Finishing the Resurrection Sunday with the Gastronomic Fair called ''Sabor Santo'' in which the dishes made with Quinoa stand out like the Pesq'e or mazamorra, Thimp'u of trout, carachi or other fish of the lake Illaku uchu (ollucos chili) among others.
It is the celebration of the Andean New Year on June 21st in the winter solstice where in the middle of chants and music the new dawn is received called ''kantati ururi'' in the Aymara language. This is an ancient tradition that still remains within the thinking of the Andean man.
During the dawn of the day June 24 is made the mark of sheep, in order to increase their number, the tradition is to make a marriage between the 2 largest sheep of the flock, female and male with the best size and weight, these are revered and offered a kintu which is an armed with 3 coca leaves, in order that the flock increases its number with the symbolic union of the lambs.
After the ceremony, the lambs are marked with colored talcum powder, which dyes their wool. They are then baptized with cold chicha to protect the young, which are born during the frosty season.
Annually, every first of August a ceremony of ''Challa a la tierra'' is performed, which coincides with the beginning of the agricultural activities, this is rooted in the customs of most Andean populations to consider the earth as the goddess Pachamama, mother earth.
In the city of Puno it coincides with the celebration of the Day of the Sicuris, so at night the sicuris offer a presentation of their music and songs.
The Spanish founding of the city of Puno took place on November 4, 1668, which is also the date of the anniversary of the city's founding.

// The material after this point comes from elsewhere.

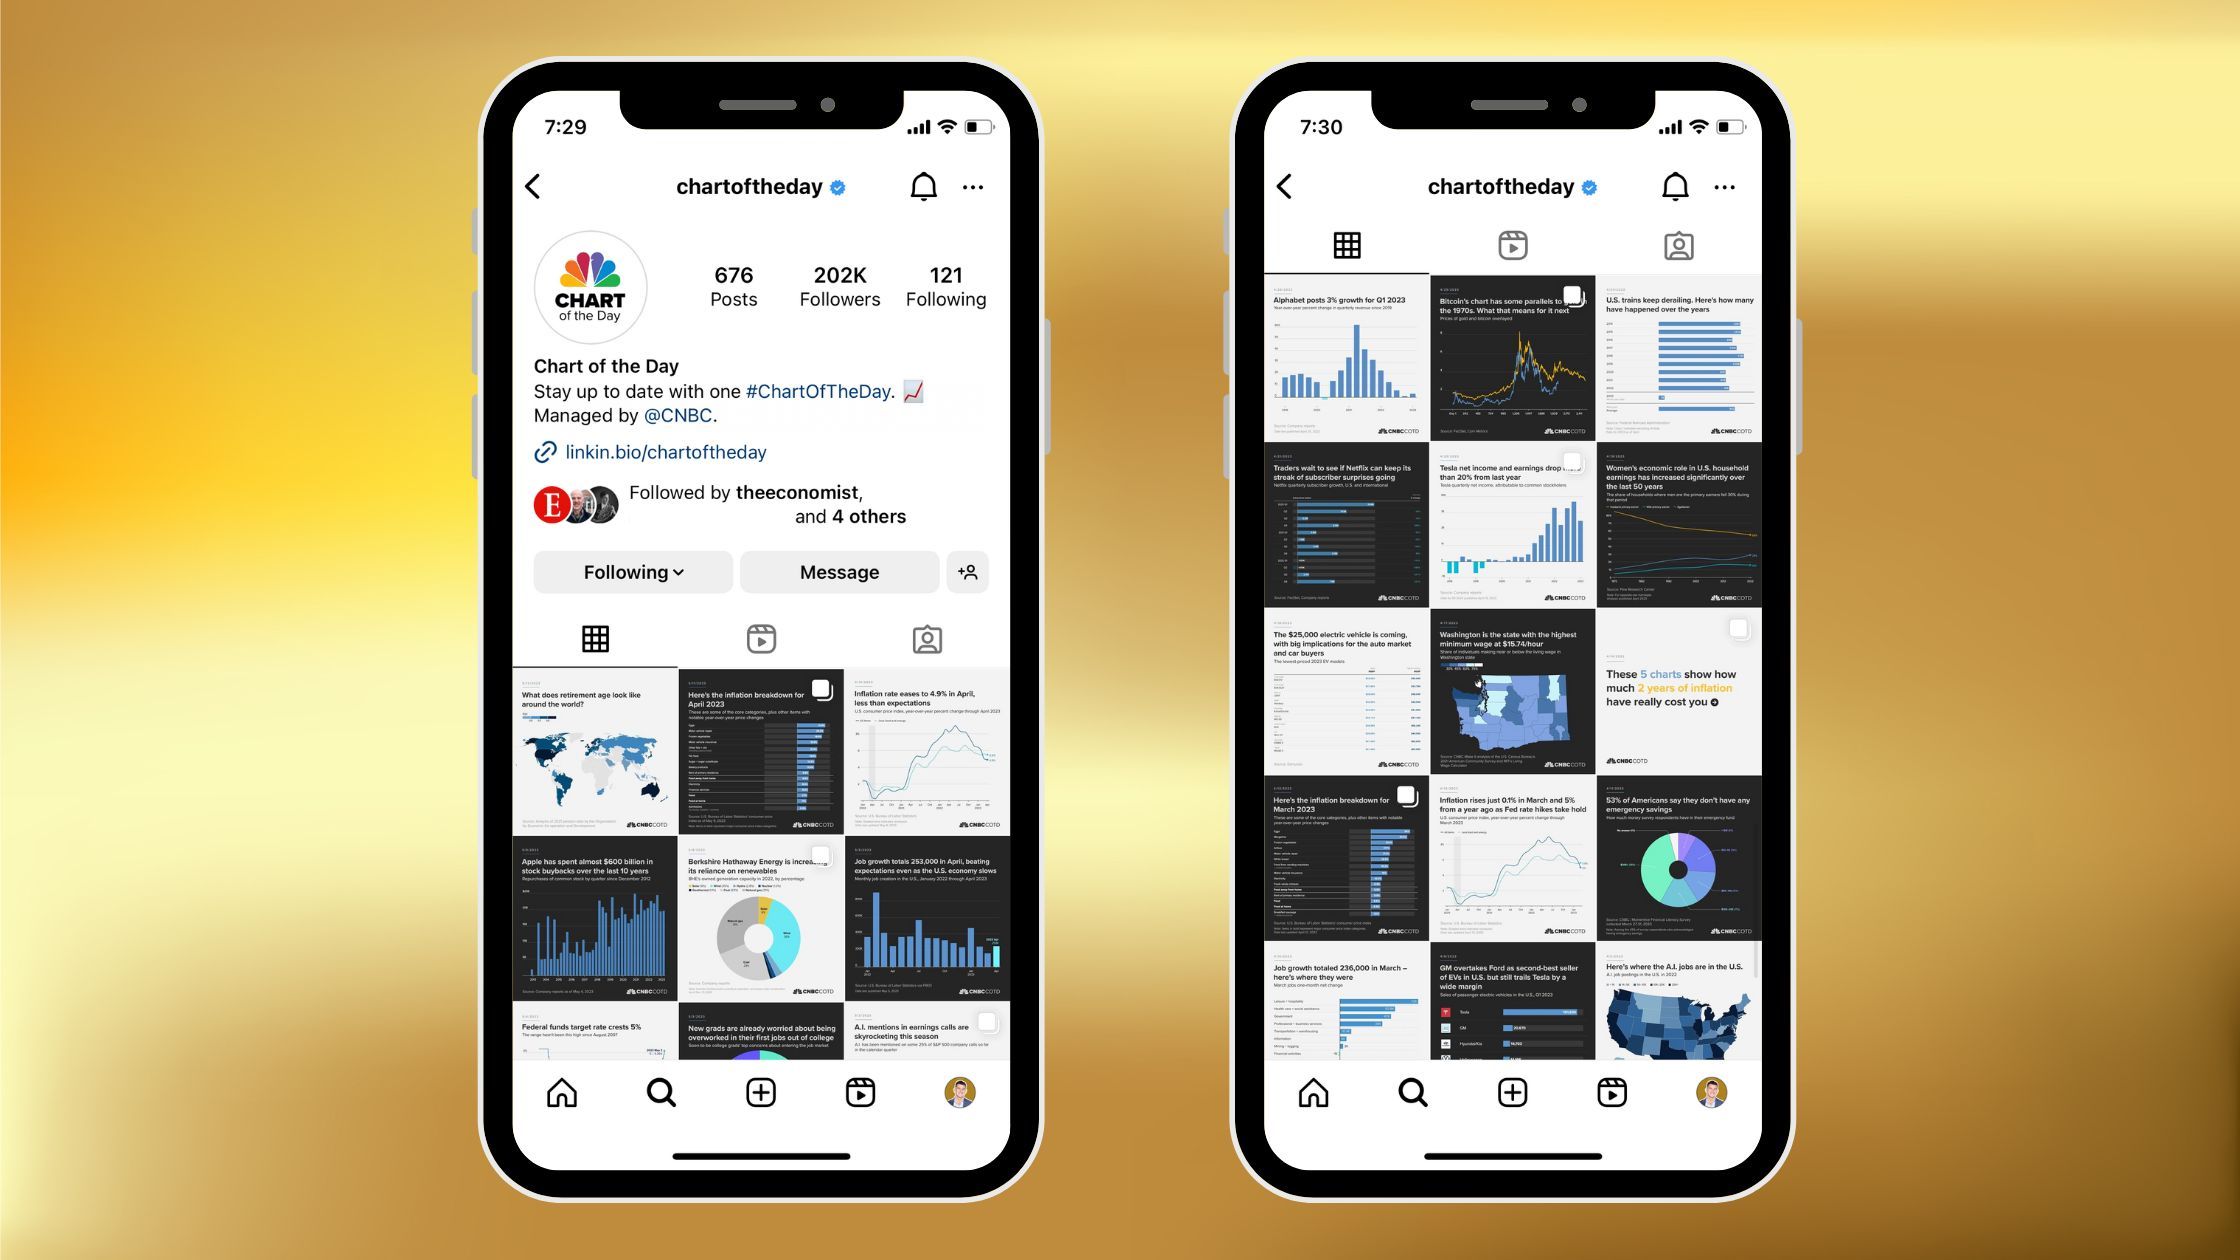 phone mockups of an instagram account showing charts, with a gold image background
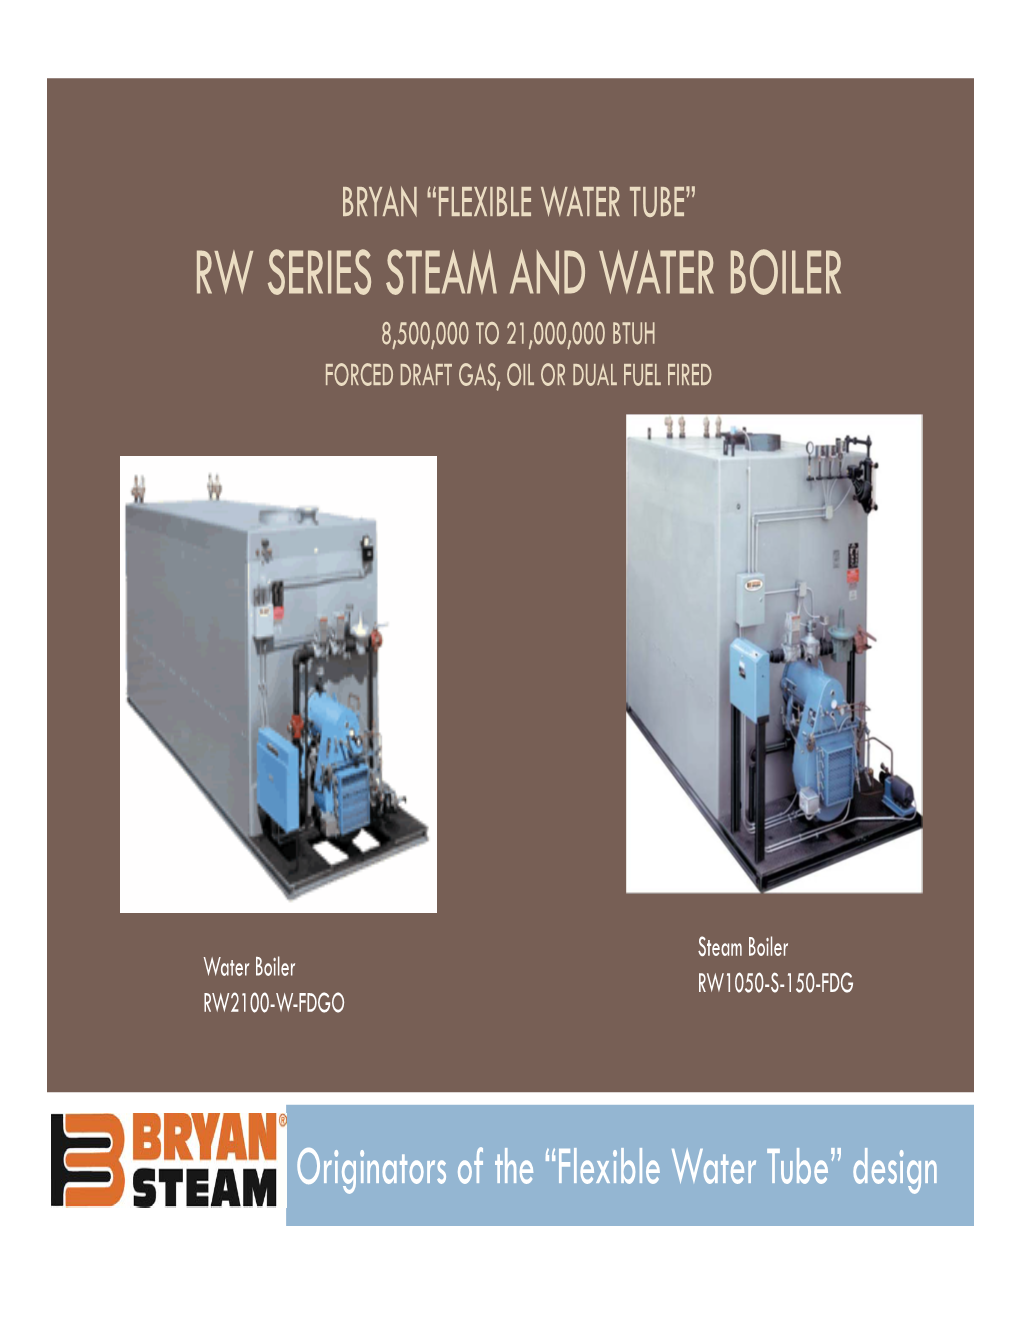 Rw Series Steam and Water Boiler 8,500,000 to 21,000,000 Btuh Forced Draft Gas, Oil Or Dual Fuel Fired

It is a celebration that lasts 3 days, where parades and corsos are performed with the presentation of the most cheerful and colorful dances, each group of dancers makes display of the choreography rehearsed for months, as well as the most elaborate costumes of lights.
Likewise, free concerts and gastronomic fairs are offered in different parts of the city so it is also an opportunity to taste all the gastronomic potential of the city of Puno, the celebration continues and concludes with the staging of Manco Capac and Mama Ocllo.
This is a tradition that takes place following the legend of Manco Capac and Mama Ocllo, mythical beings who according to oral tradition emerged from the waters of Lake Titicaca sent by the sun god, and who would be the founders of the Inca Empire in the valley of Cusco.
This is how in the city of Puno this festival is celebrated every November 6th where the actors who personify these mythical beings, begin their journey from the floating island of the Uros, once they arrive at the port they are carried on platforms to the city of Puno.
On the way they give corn, potatoes and ollucos as a sign of good omens so that food will never be lacking in the Andean villages and agricultural production will be good.